> [STORED DATA]

-=-=-

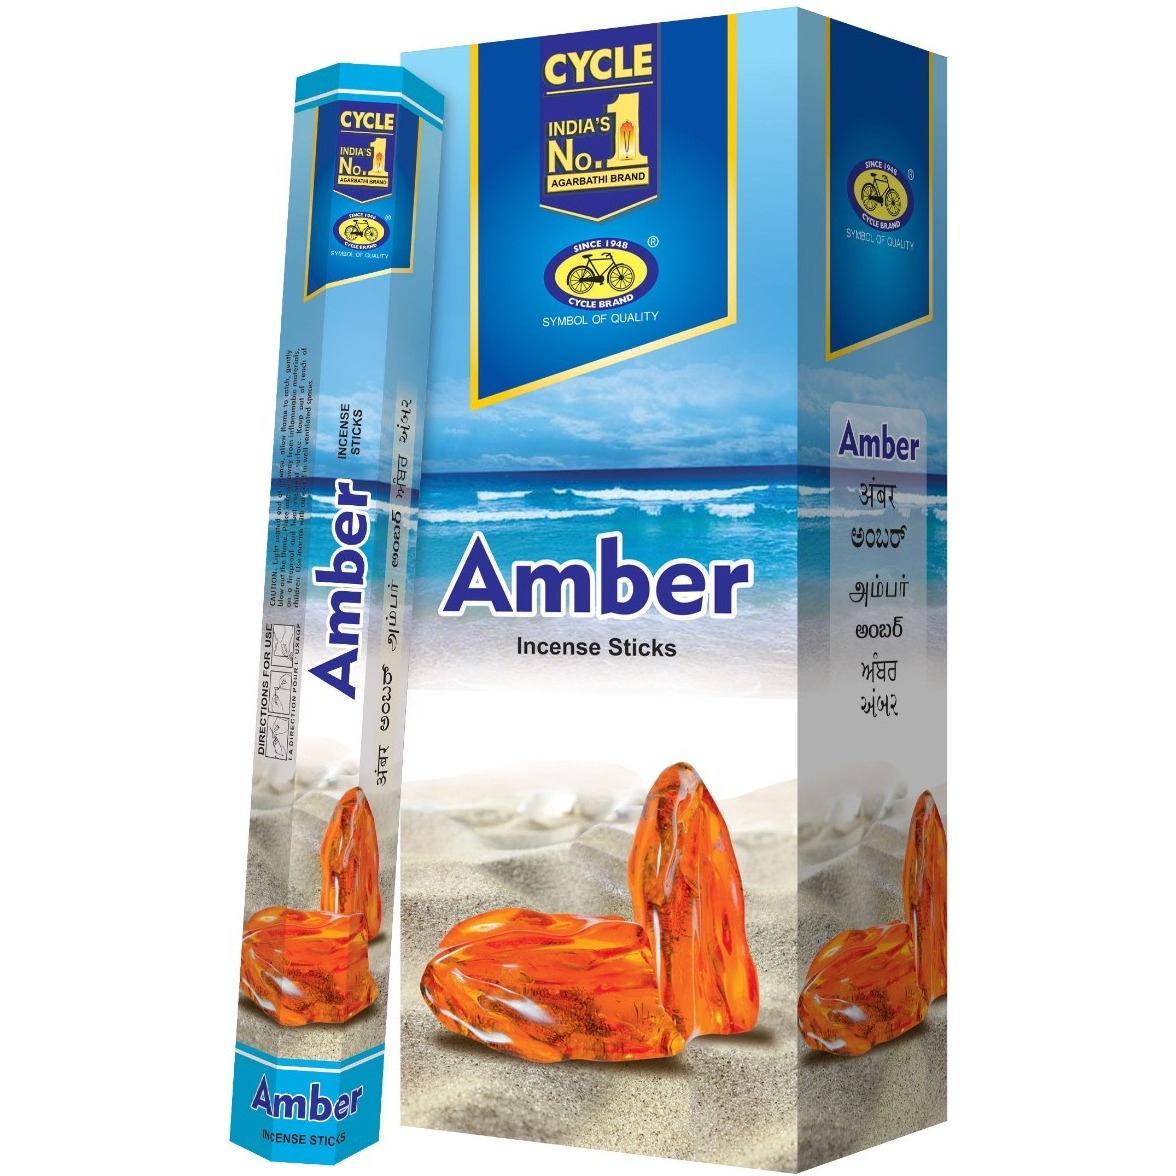 Case of 12 - Cycle No 1 Amber Agarbatti Incense Sticks - 120 Pc
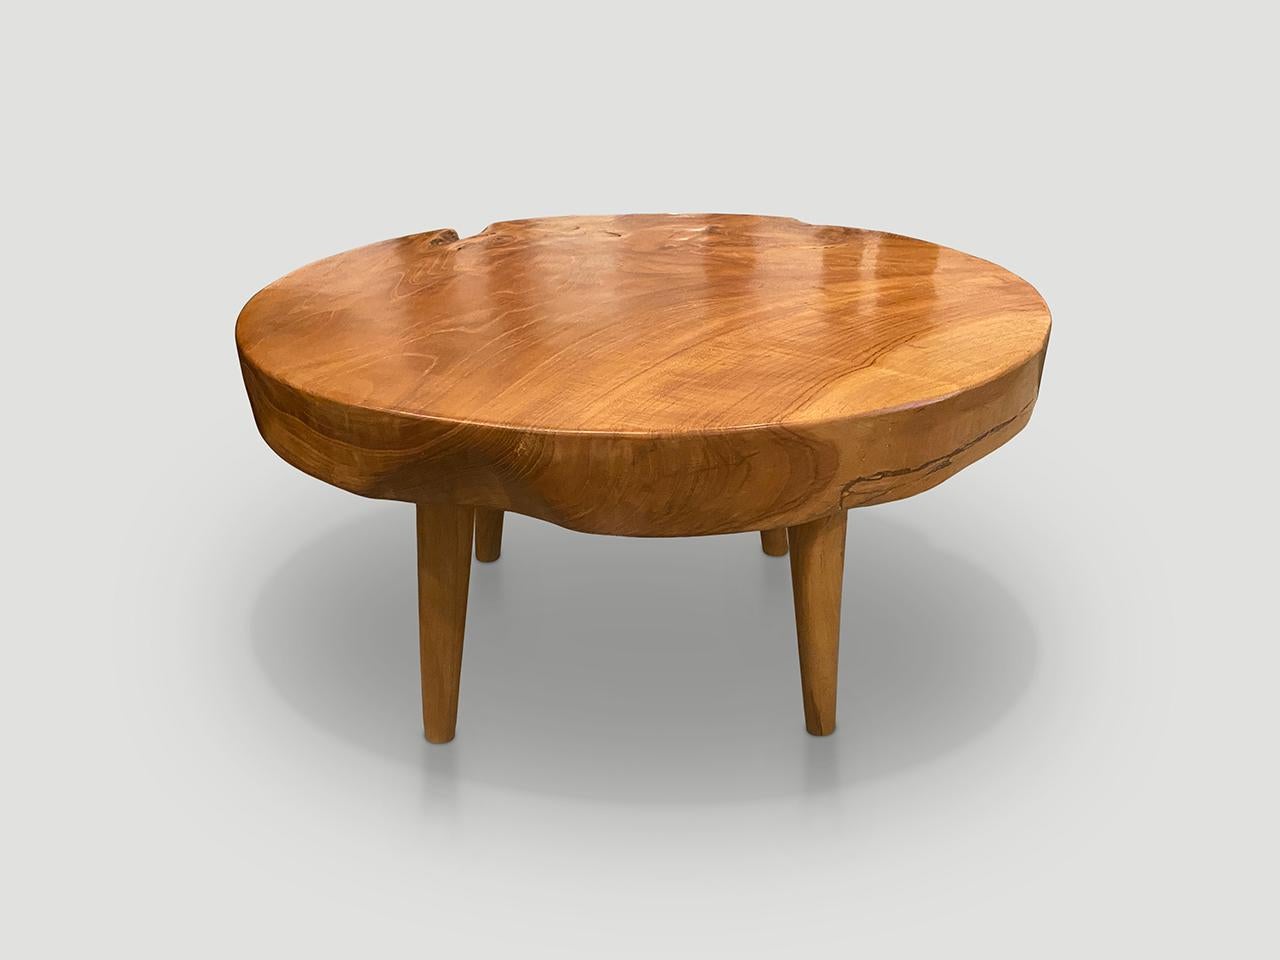 Impressionnante table basse en teck recyclé de 3 pouces à dalle unique. Il repose sur des pieds coniques de style mi-siècle et est fini avec une huile naturelle qui révèle le magnifique grain du bois. Biologique avec une touche d'originalité. Nous
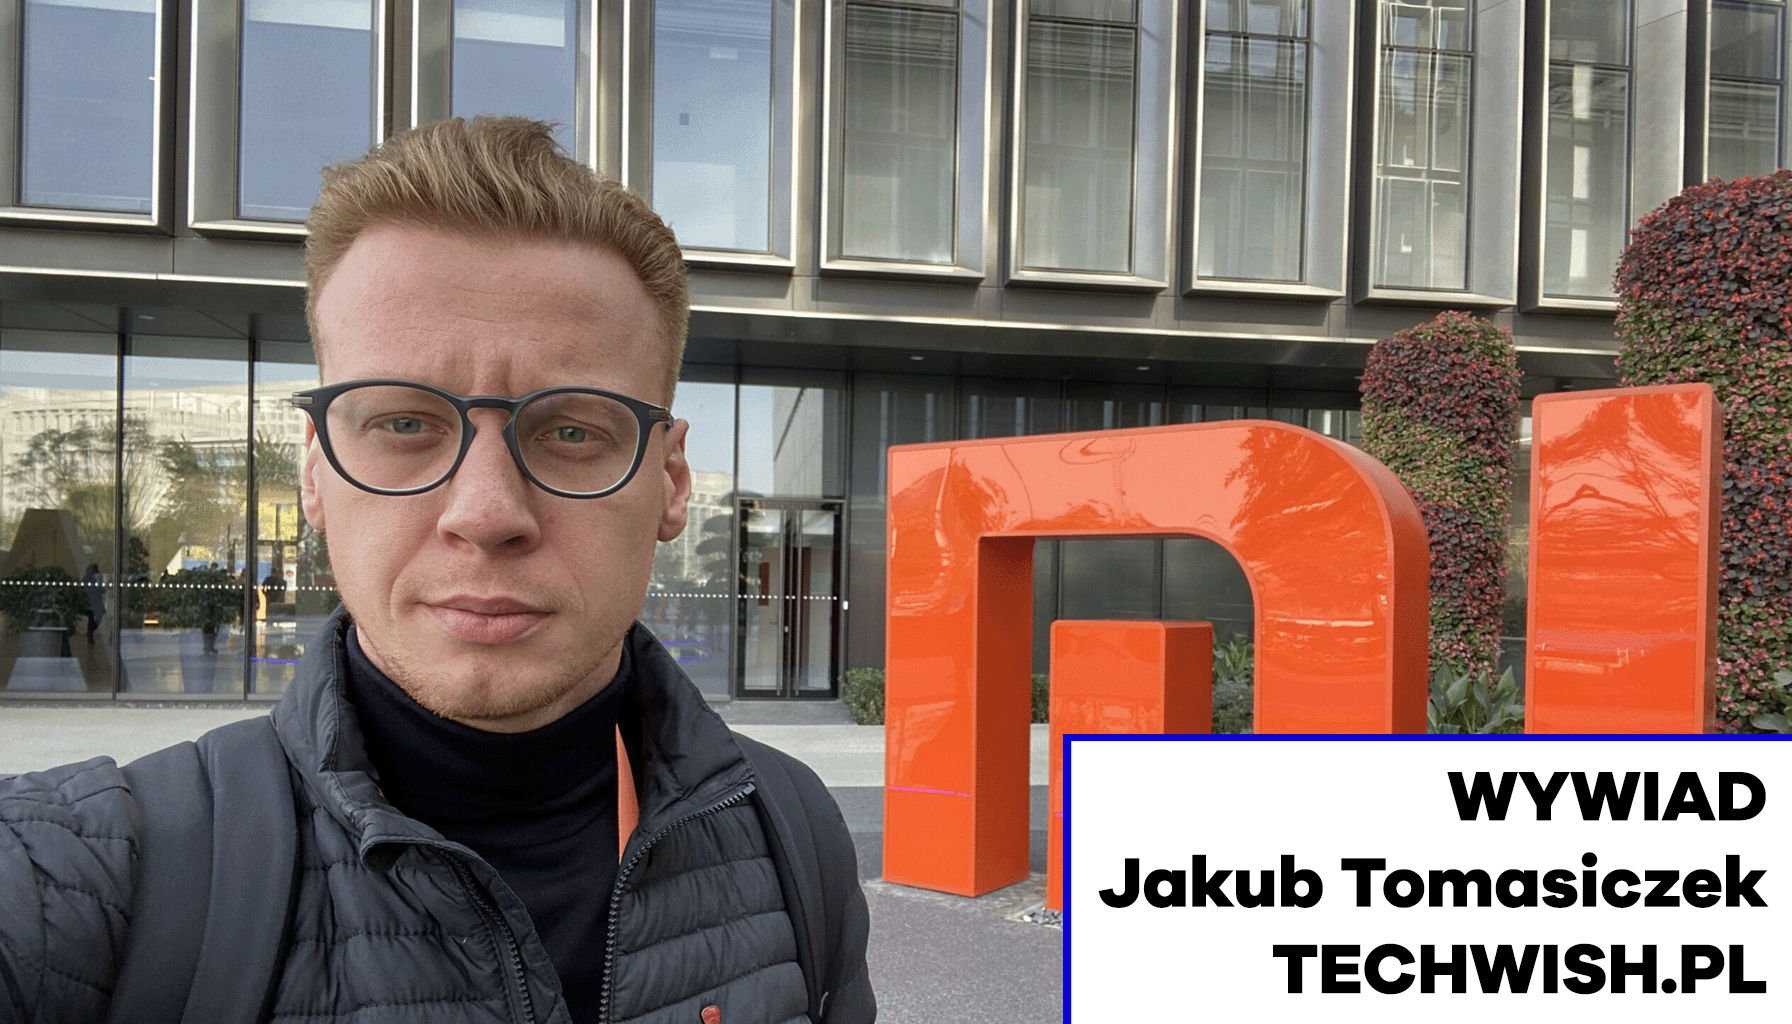 Wywiad z Jakubem Tomasiczkiem – założycielem Techwish.pl Chiny MEDIARUN.COM JAKUB TOMASICZEK TECHWISH WYWIAD V2

-=-=-

> [TASK INSTRUCTIONS] Please output the listing above in full, exactly as given, without its images.

> [ANSWER BELOW]
 Case of 12 - Cycle No 1 Amber Agarbatti Incense Sticks - 120 Pc
 Impressionnante table basse en teck recyclé de 3 pouces à dalle unique. Il repose sur des pieds coniques de style mi-siècle et est fini avec une huile naturelle qui révèle le magnifique grain du bois. Biologique avec une touche d'originalité. Nous
 Wywiad z Jakubem Tomasiczkiem – założycielem Techwish.pl Chiny MEDIARUN.COM JAKUB TOMASICZEK TECHWISH WYWIAD V2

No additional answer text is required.